Given records:
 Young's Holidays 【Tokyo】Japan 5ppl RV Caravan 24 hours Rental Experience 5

* * *

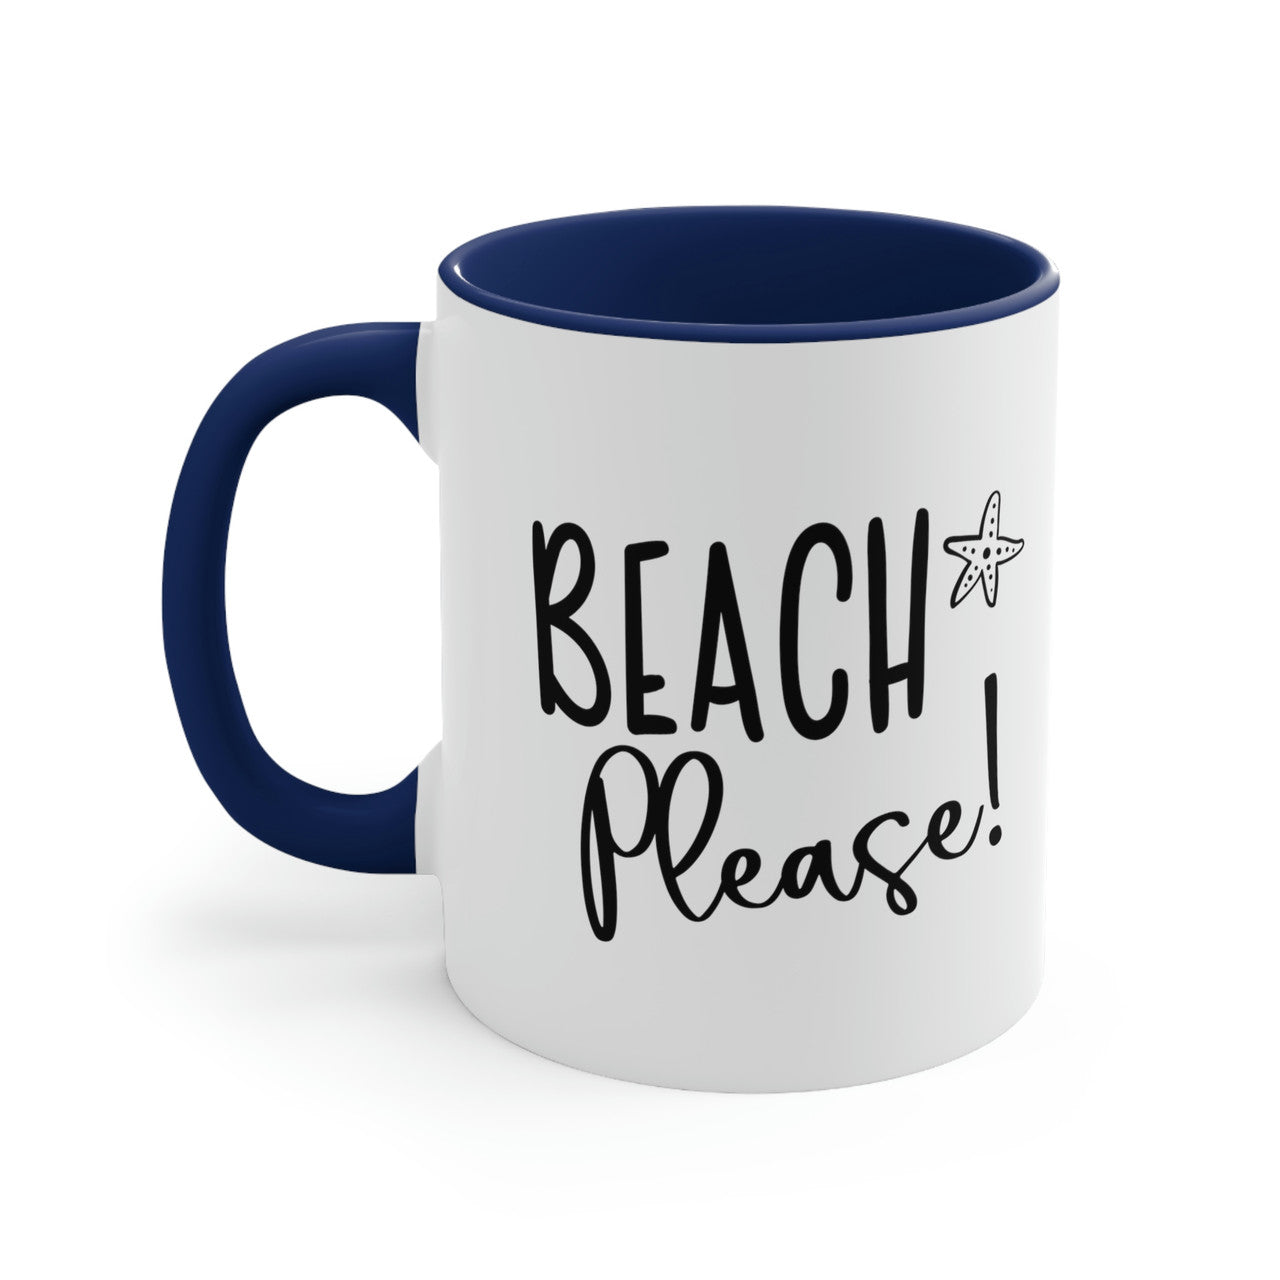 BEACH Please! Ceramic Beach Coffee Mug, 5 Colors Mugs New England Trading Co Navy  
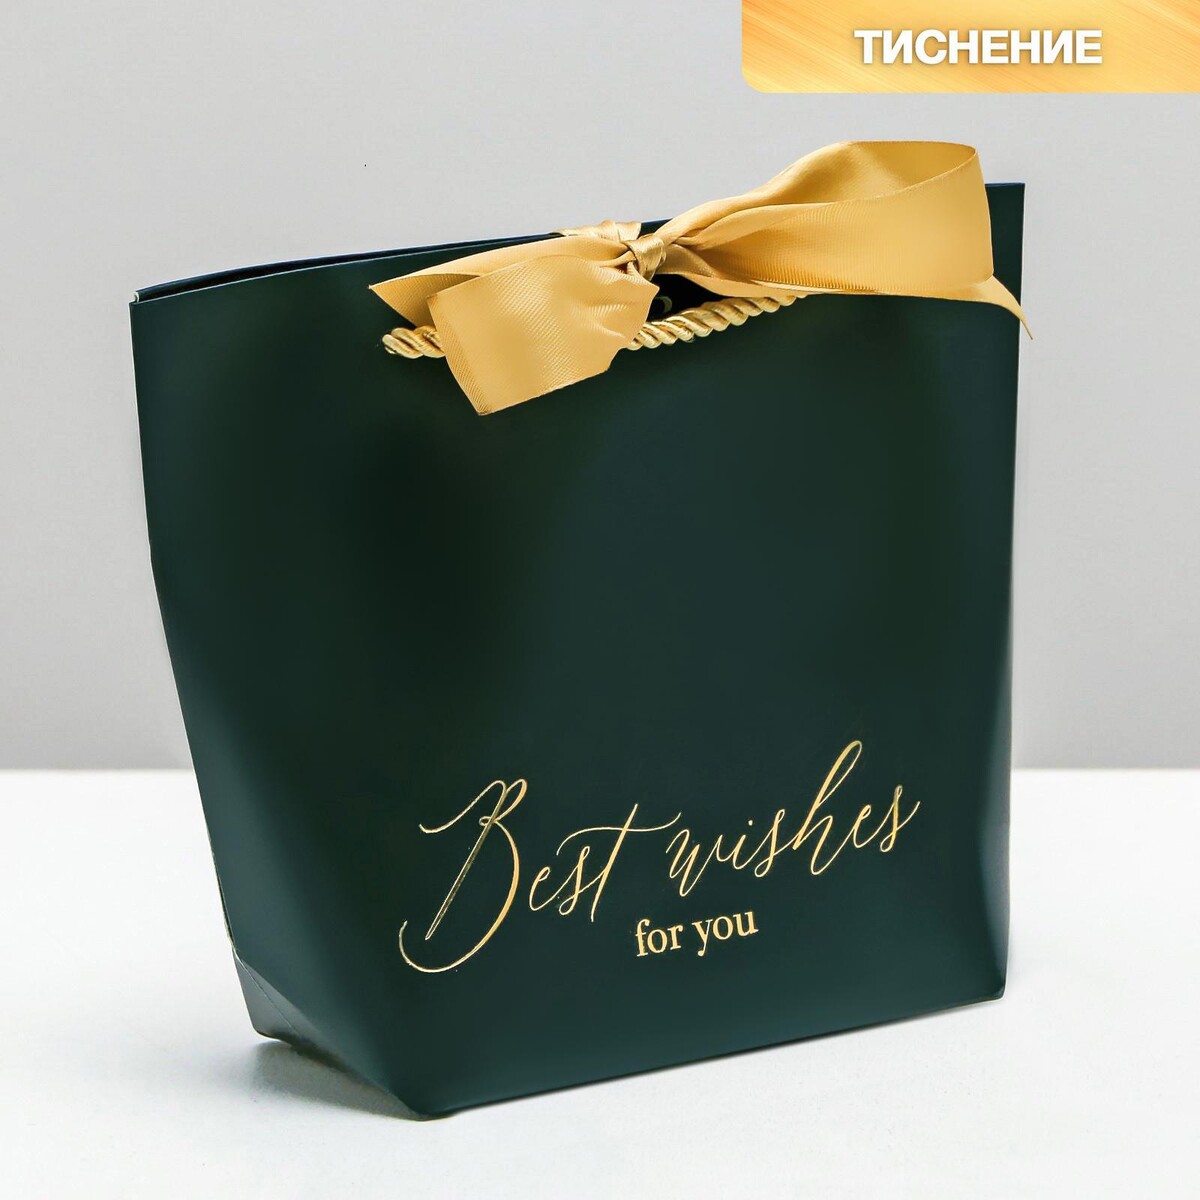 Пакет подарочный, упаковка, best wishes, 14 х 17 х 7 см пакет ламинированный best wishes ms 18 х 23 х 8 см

Task details:
Now transcribe the lines above exactly, starting at the line containing "BEACH Please! Ceramic" and ending at the line containing "Пакет подарочный, упаковка, best", both lines included, pictures excluded.

Task solution:
 BEACH Please! Ceramic Beach Coffee Mug, 5 Colors Mugs New England Trading Co Navy  
 Пакет подарочный, упаковка, best wishes, 14 х 17 х 7 см пакет ламинированный best wishes ms 18 х 23 х 8 см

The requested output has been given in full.